Read the IGR report on Commission of Inquiry

The Institute for Governance Reform (IGR), has on Monday 11th February 2019, launched a report on the ongoing Commission of Inquiry (COI), at its head office at Wilkinson Road, Freetown, titled: "Voices and views on Sierra Leone's Commission of Inquiry".

(To read the report click here)

Within the context of the COI and its stated objectives, this brief survey by IGR gauges the temperature of the country on the GTT Report and the COI as the legitimate mechanism to expose and address corruption, from an independent perspective.

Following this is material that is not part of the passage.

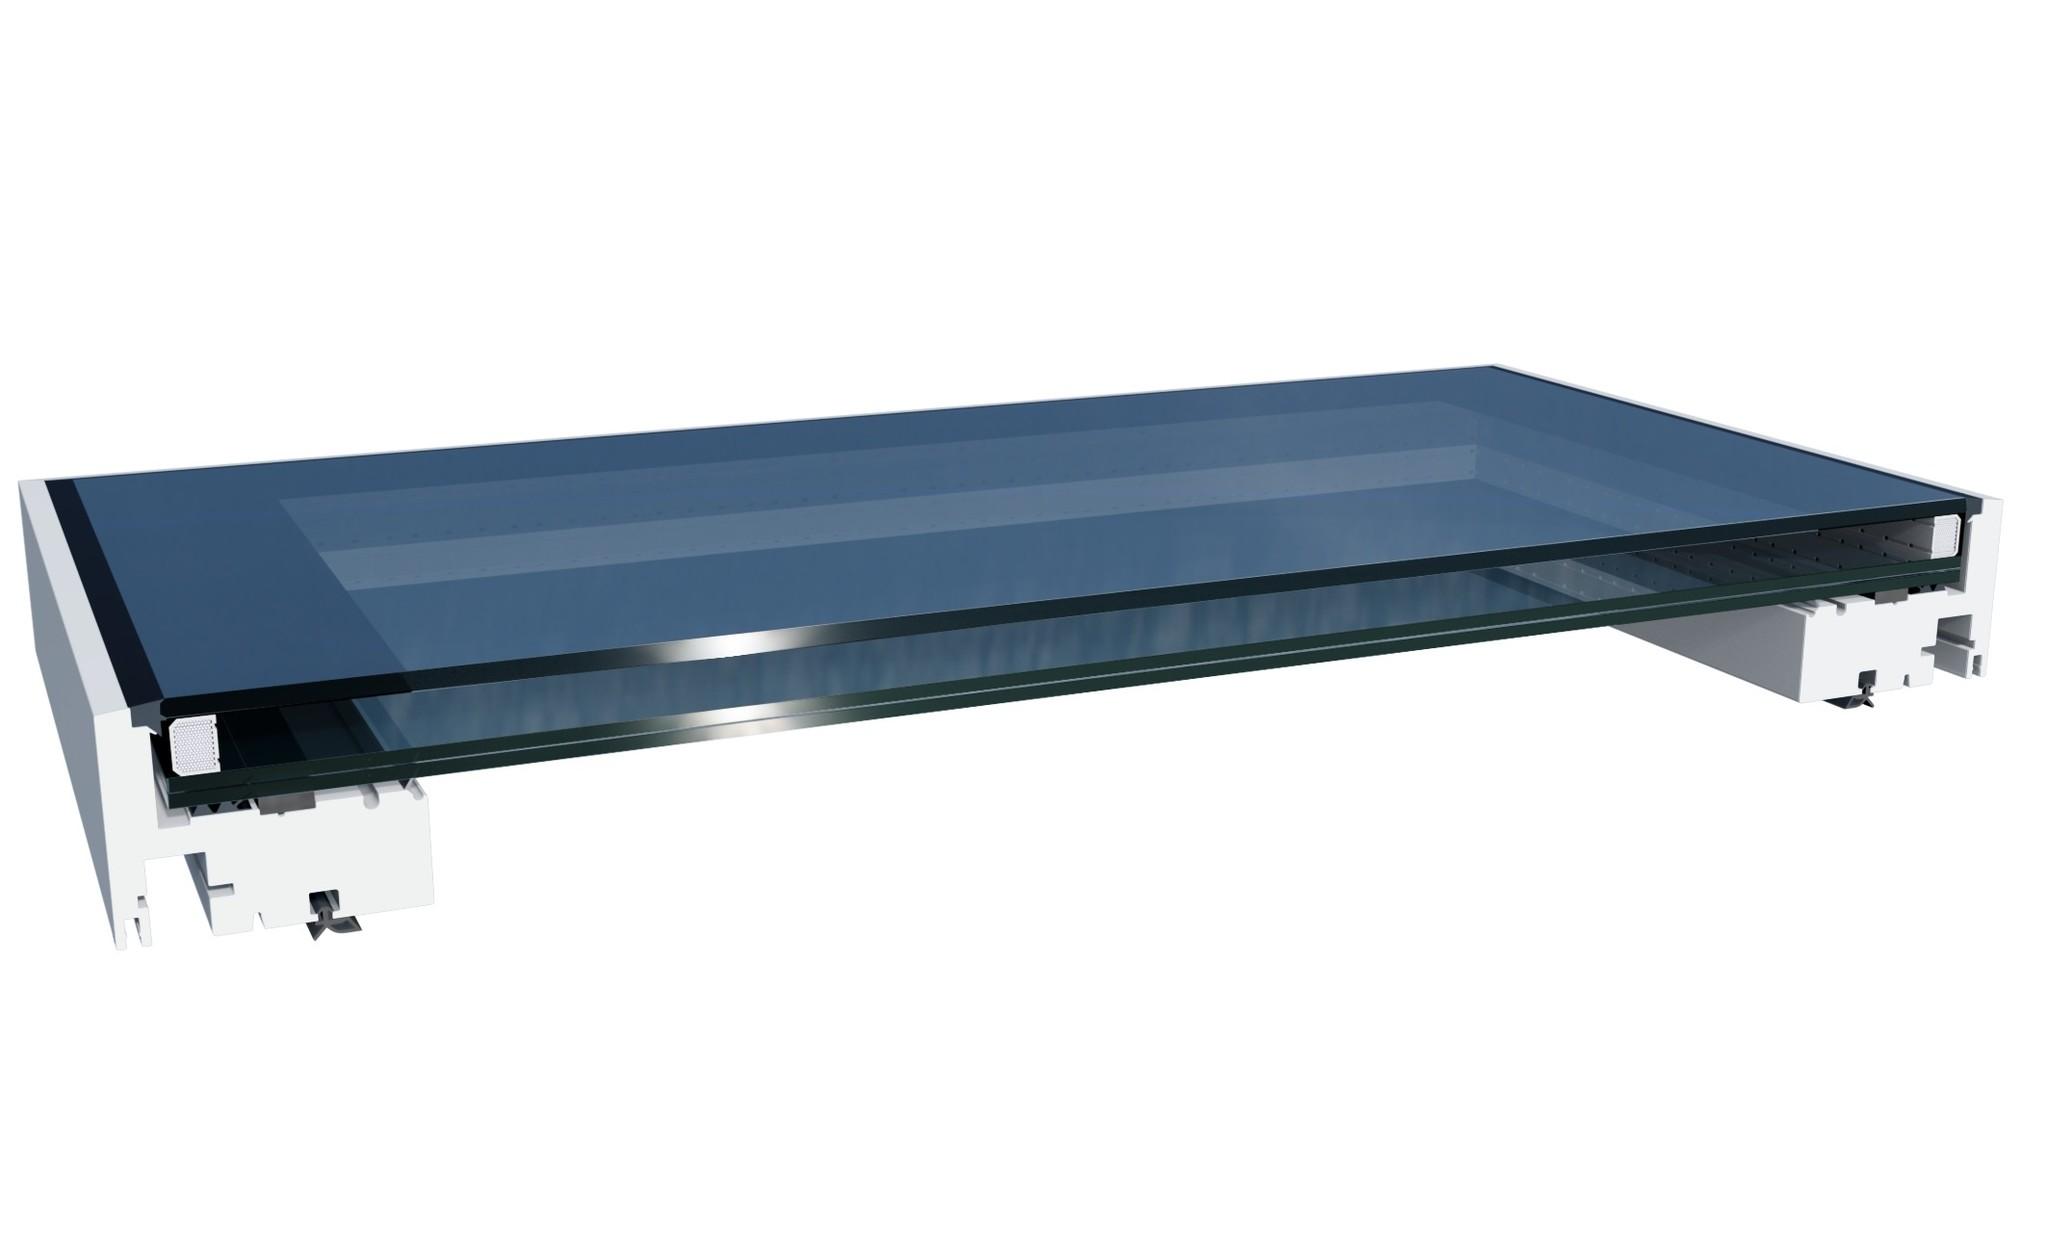 Intura - Lichtkoepel renovatiemodule Intura DGP A1 100x130cm - upgrade oude lichtkoepels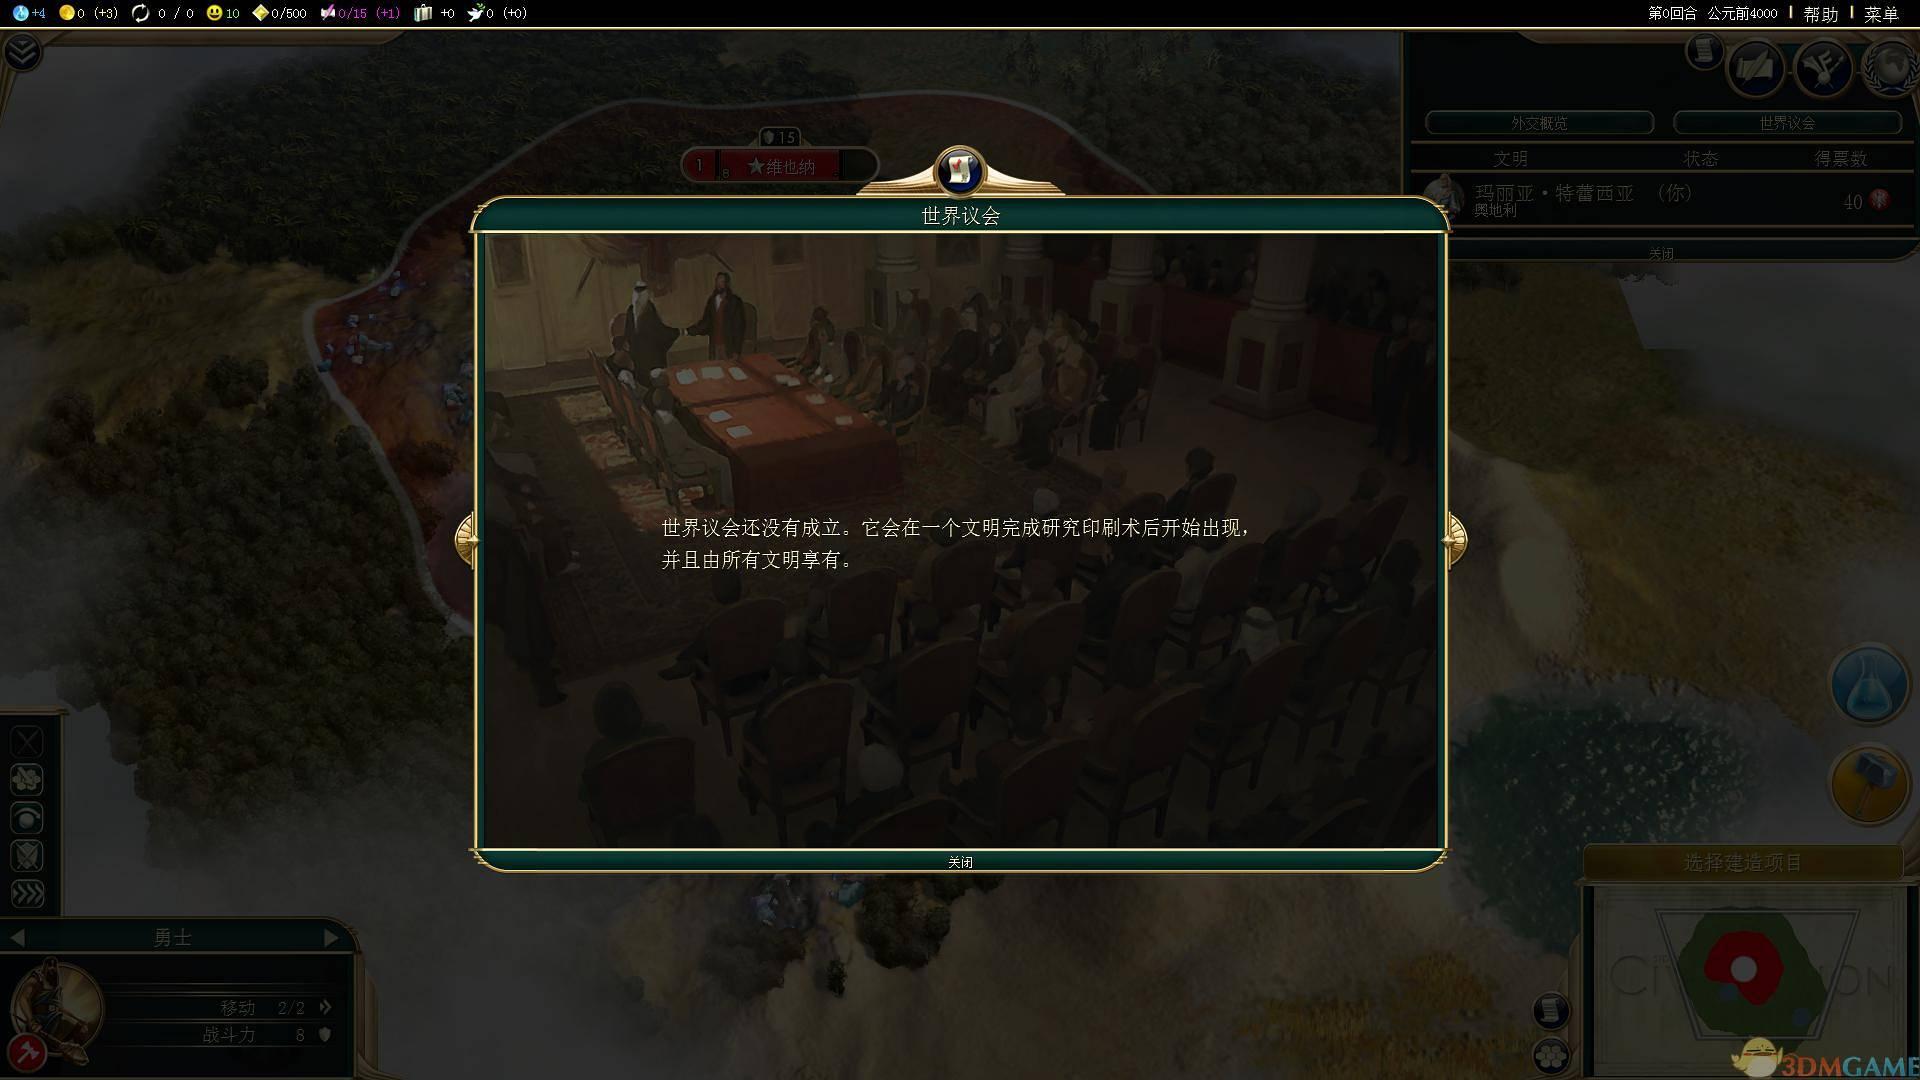 文明 5 美丽 新 世界 下载

The survey report which was launched to members of the civil society and media, with the Commissioner of the Anti-Corruption Commission as the distinguished guest at the event; was conducted between 6th- 8th March 2018, targeting 1,146 respondents from across three cities (Bo, Kenema, Makeni), at a margin of error of +/- 5%. According to the data found in the report, 81% of the respondents across the three cities had a general consensus that the COI will be fair; 6% disagreed—stating that it will not be fair; whilst 16% of the respondent stated uncertainty—stating that they don’t know if it will be fair.

Additionally, another positive aspect of the survey report was the views expressed by the respondents in terms of whether or not the COI will target ethic groups; 84% expressed belief that the COI is not targeting ethnic groups; whilst 11% stated it will be targeting ethnic groups; 5% stating they don’t know.

What is of great importance to note in this report is the focus on the changing institutional behaviour.

Changing institutional behaviours will require reforms of systems and implementing accountability for individual corrupt behaviour. This was also a major focus of the survey.

To this end, the survey looked at the Anti-Corruption Commission—being the institution mandated by law to fight corruption-- to assess progress, stagnations or reversals before July 2018; and after July 2018, using a comparative approach. The following improvements have been made according to the findings of the survey:

1.There was weak asset declaration regime targeting senior public officials. But after July 2018, the ACC has completed and now tabled in Parliament an amendment of an act that will strengthen the legal framework in the fight against corruption. In addition, regulation has been enacted aiming at strengthening public accountability through asset declaration; reducing the number of people declaring assets to largely focus on those with clear political affiliations, rather than teachers etc.

2. Secondly, ACC prosecutors were only resident in Freetown, which created backlog of cases in the provinces. The report indicates that ACC now has permanent prosecutors recruited and posted to Bo and Makeni. The Bo resident prosecutor covers Bo and Kenema, whereas the Makeni resident prosecutor covers Makeni and Kono.

3. There were no designated judges to try corruption cases, however, the Commission has successfully lobbied the judiciary to designate judges with a primary focus on corruption matters.